I have added another item to my list of adventures as a tradesman: overtime. For most people overtime is a couple of hours at the end of the day to get a project finished. In the trades, overtime is a way of life. For the first time I got to experience seven tens — ten hours a day, seven days a week. No days off for 25 days when we dropped back to five tens — ten hours a day for five days a week.
The physical toll of overtime begins to show around day 20. The days begin to blur. You don’t know when you are let alone where you are. Most people deal with this by not thinking about what day it is but rather what day they are on. What day are you? Twenty? Sweet. Good job. More often than not, excessive overtime occurs on industrial job sites. The work is heavier and in many cases dirtier but the expectations are lighter. You can get away with an off day from a productivity standpoint here and there where you would be flogged in the commercial sector for not getting your footage on the pipe. The only way to survive is to get into a routine and hope and pray your spouse keeps the rest of the world in heck for you. Don’t have a spouse? Get used to eating out. Every. Single. Meal. Get used to the fact that your home will not change in the slightest while you are working. I’m grateful to have a spouse who understands how this lifestyle works and who went out of her way to try and make my life easier.
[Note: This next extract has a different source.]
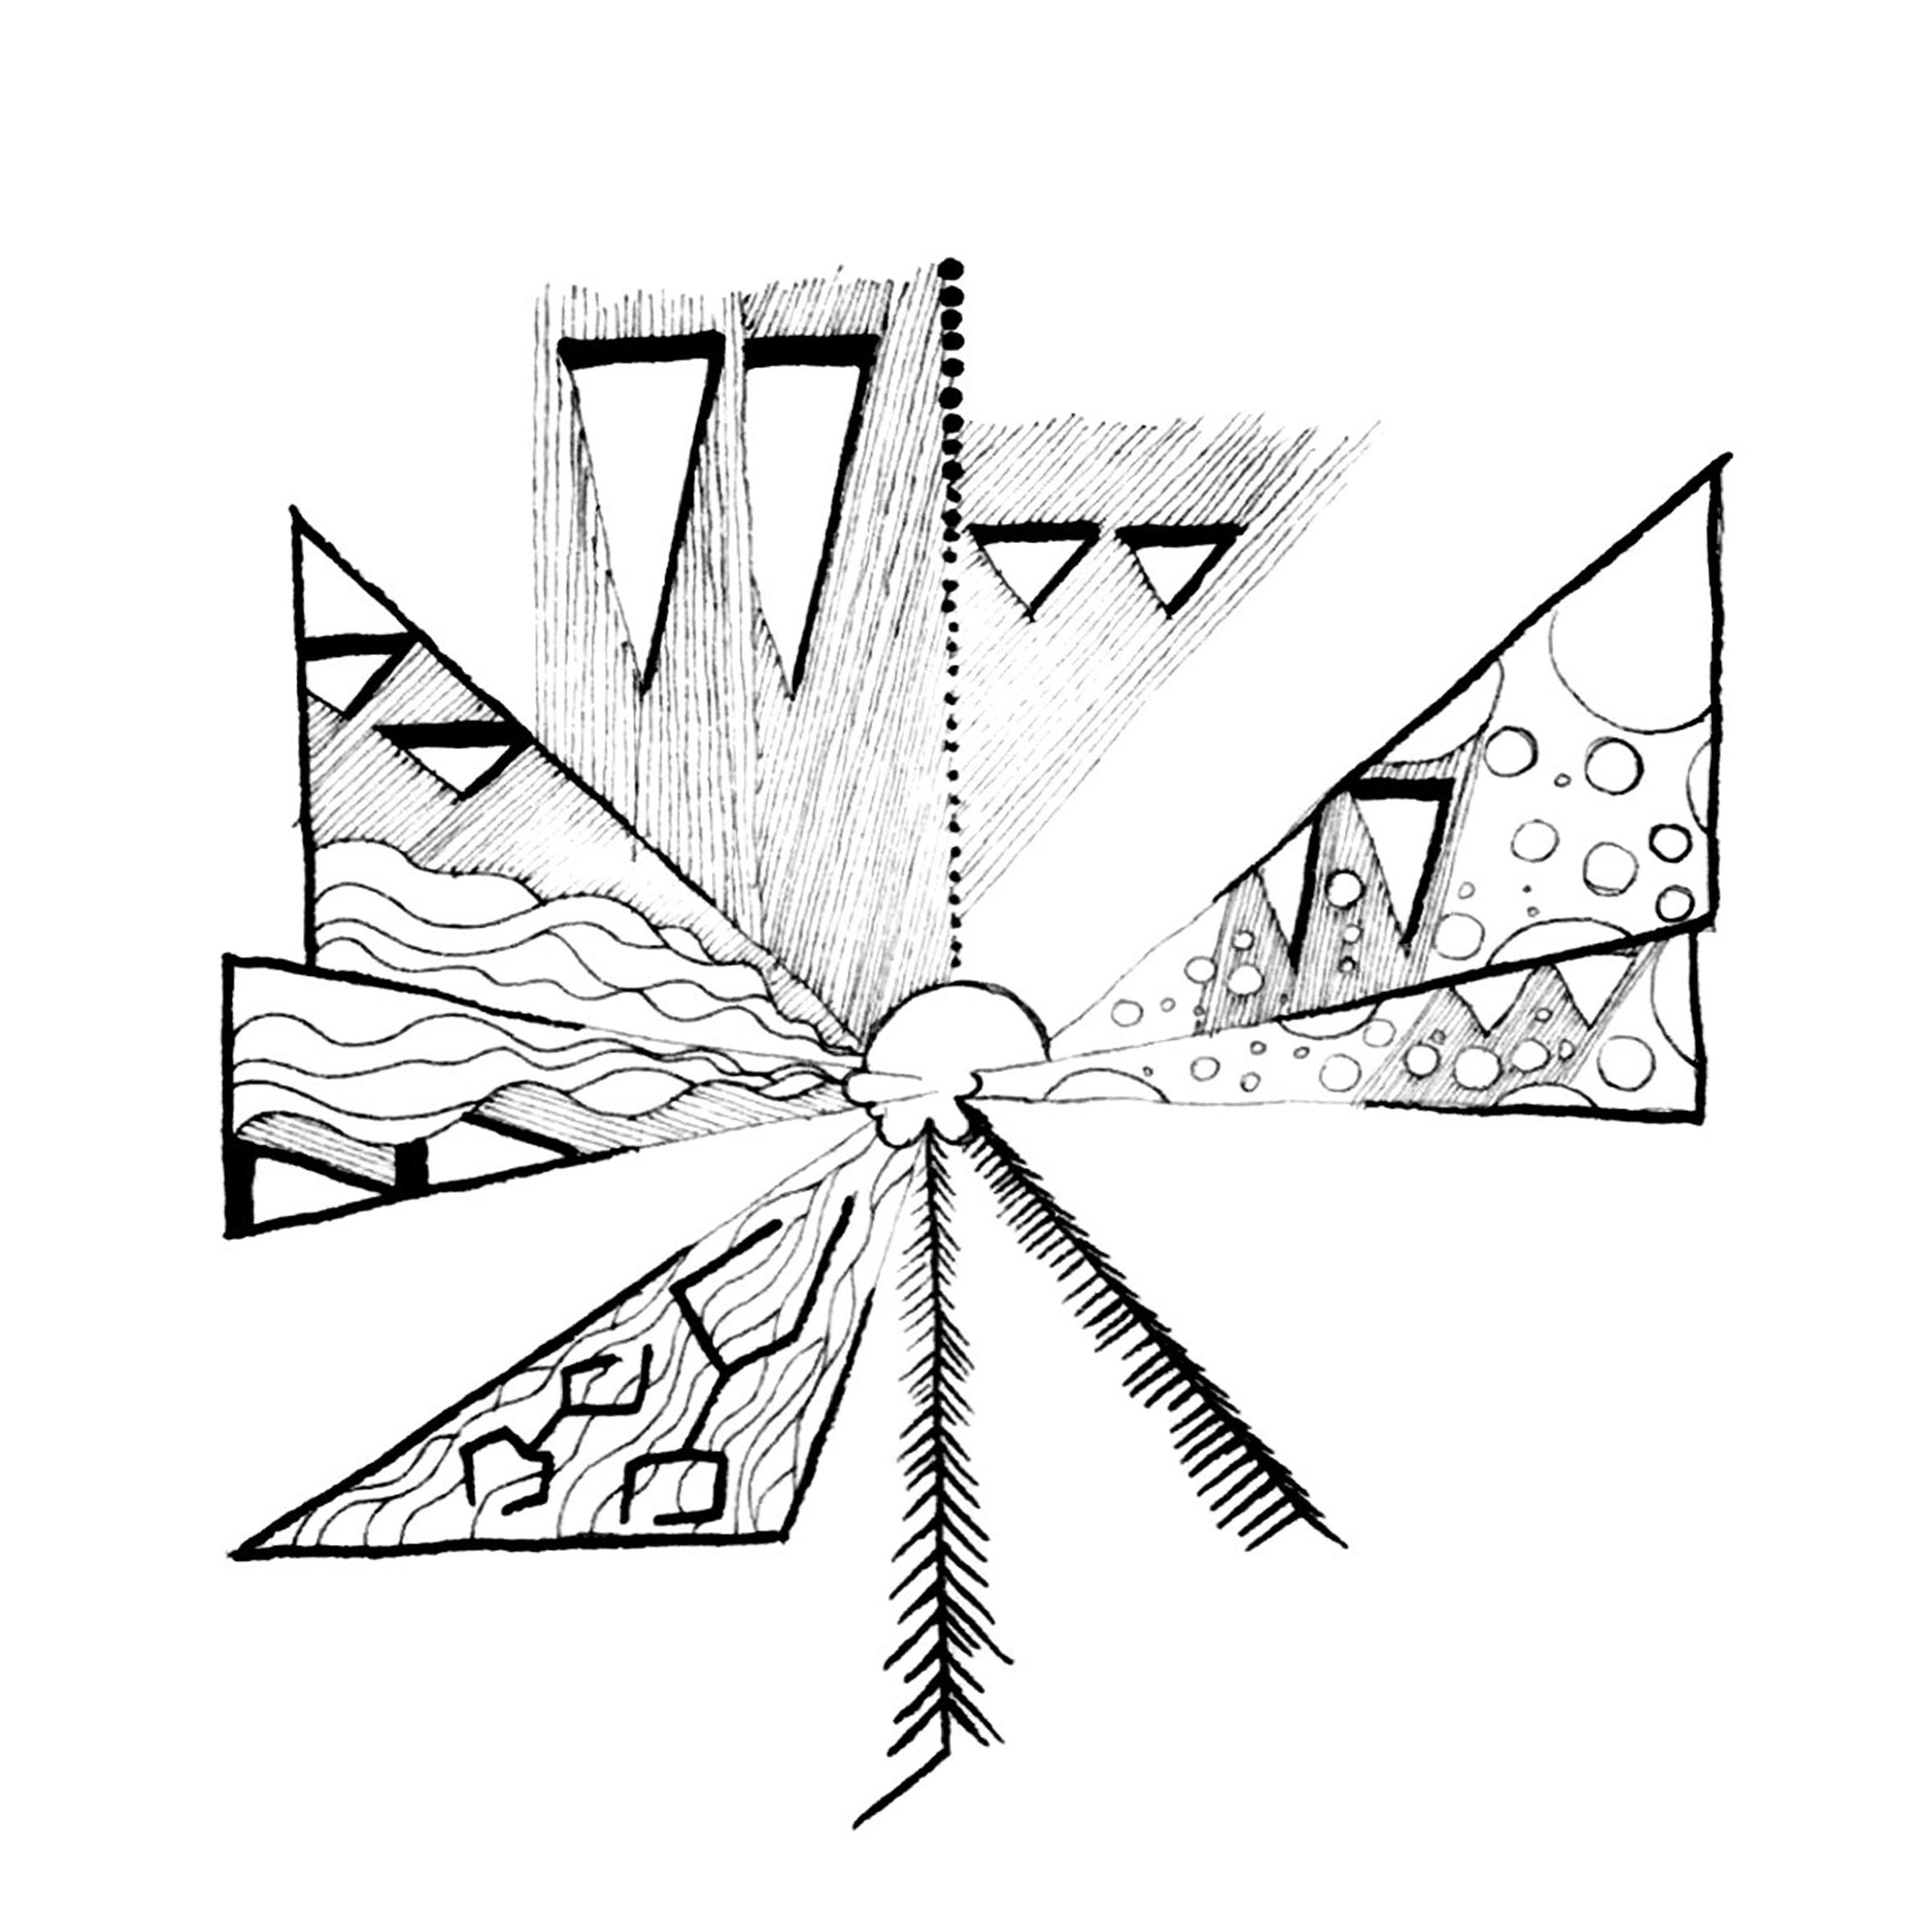 190326_+-ratio_illu_6.png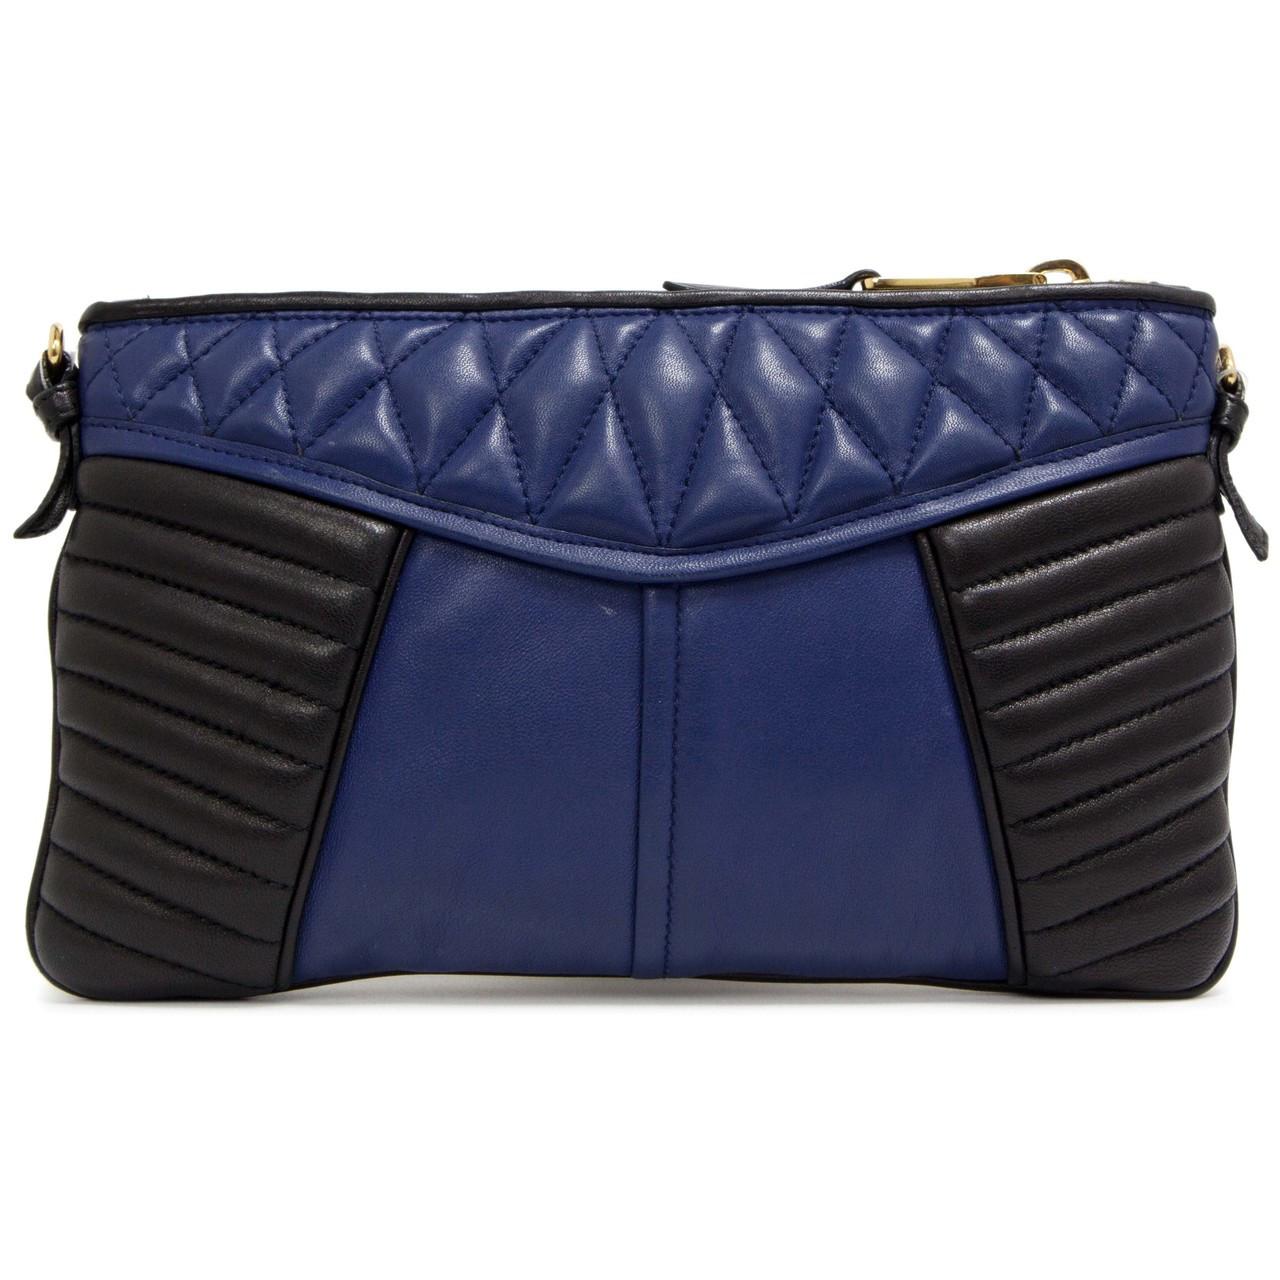 3b0243af75c0 Miu Miu Blue   Black Quilted Nappa Clutch - modaselle

But why do we do it? Why do we out our bodies through an agonizing process where we live only to drive to and from work with maybe an hour to ourselves before falling asleep? The answer is simple: because the trades get a lot of money to produce the quality of work required to make sure things do not literally blow up. For me, overtime is producing a two-fold benefit. First, my apprenticeship hours will scream by as they race along the highway toward the mystical destination that is journeyman status. The second benefit is something I never really expected to see — I just paid off the first of our debt load. Seven items dominate our financial landscape, five of them are student loans (I lived during that lovely transition time when the government and he banks changed the lending process). As of today one of them is gone. The money being spent on that will be added to the next bill and the process will continue until everything is dead and gone.
Despite clicking the confirm button it still hasn’t hit me that I do not have that Damoclean bill looming over me. At some point relief will replace dazed. Until then I just have to enjoy knowing that I just finished working overtime and can clearly see why the guys take it whenever it is offered regardless of how crazy it makes their lives.